• **Work instruction**
The reader should set down exactly the lines from the one containing "Combating Disinformation and Propaganda" through the last line of the material, omitting every picture.

• **Raw data**

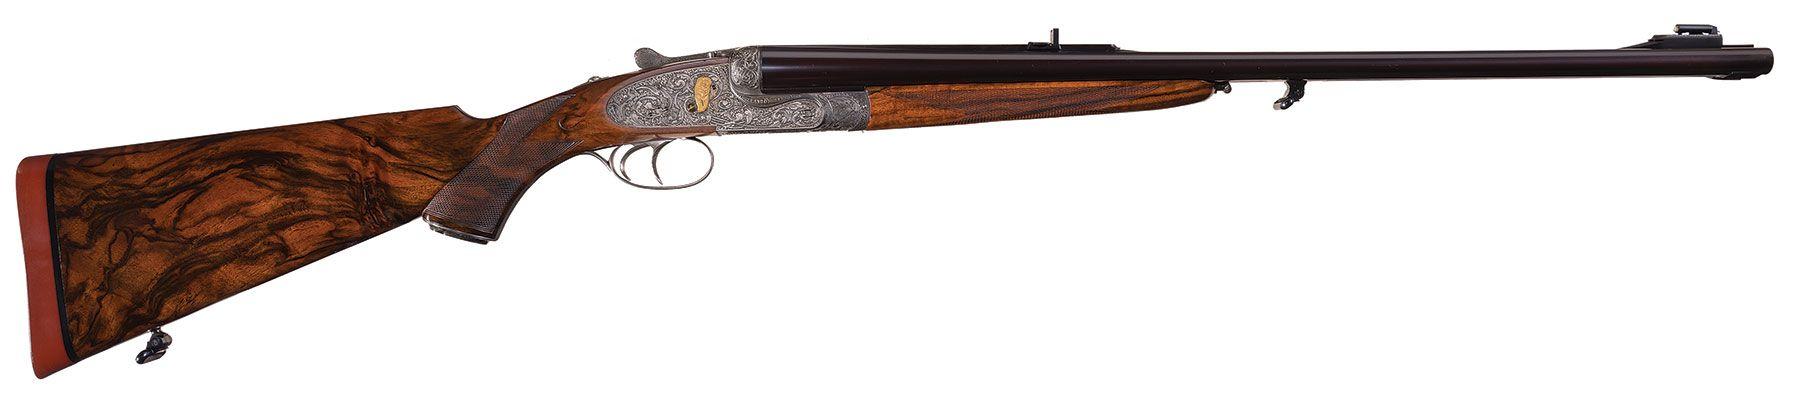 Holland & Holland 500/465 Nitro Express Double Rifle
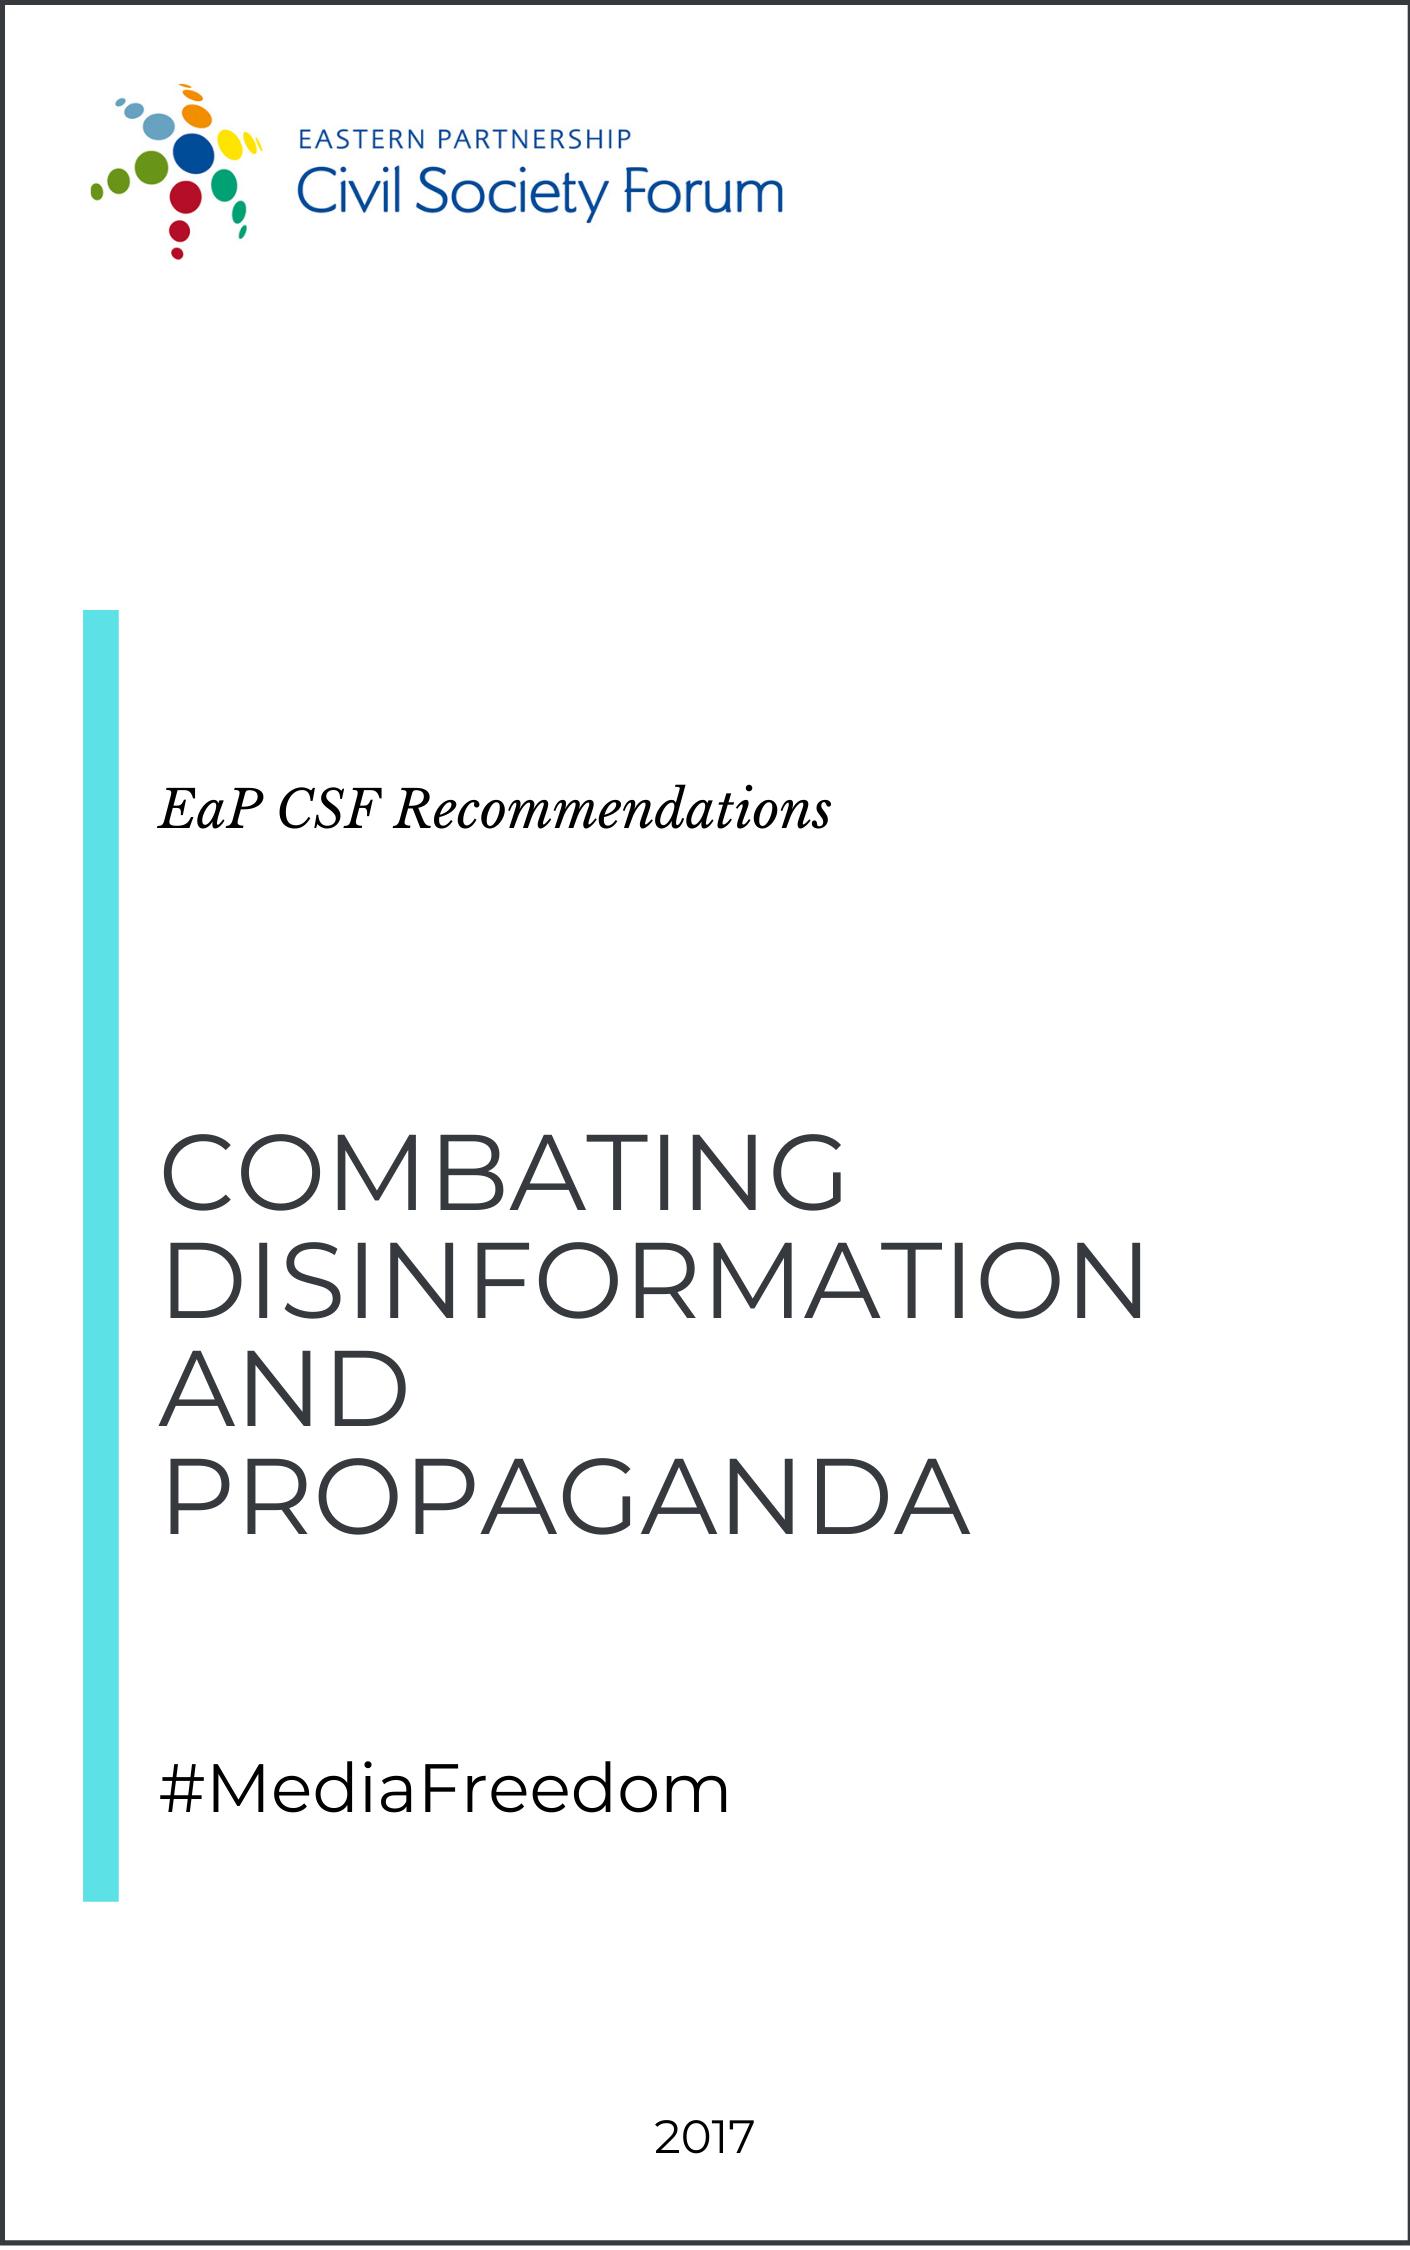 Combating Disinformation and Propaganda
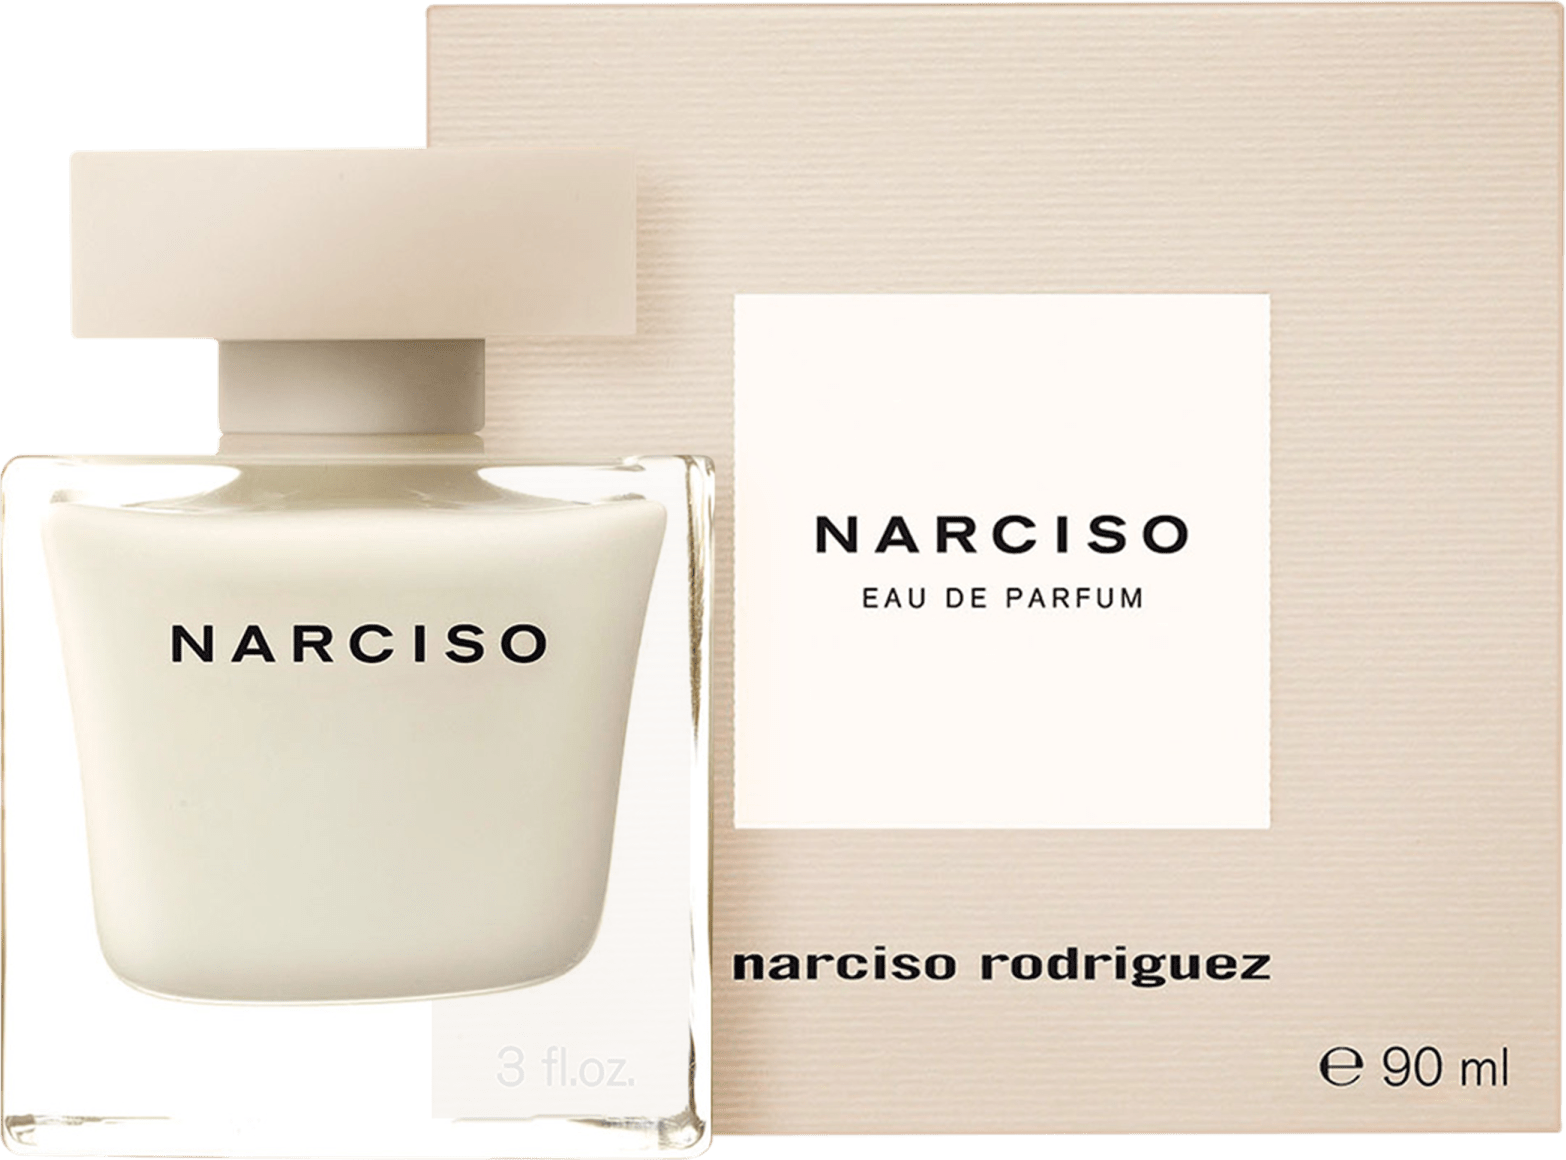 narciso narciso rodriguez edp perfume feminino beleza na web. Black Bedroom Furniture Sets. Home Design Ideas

• **Result**
 Combating Disinformation and Propaganda
 narciso narciso rodriguez edp perfume feminino beleza na web. Black Bedroom Furniture Sets. Home Design Ideas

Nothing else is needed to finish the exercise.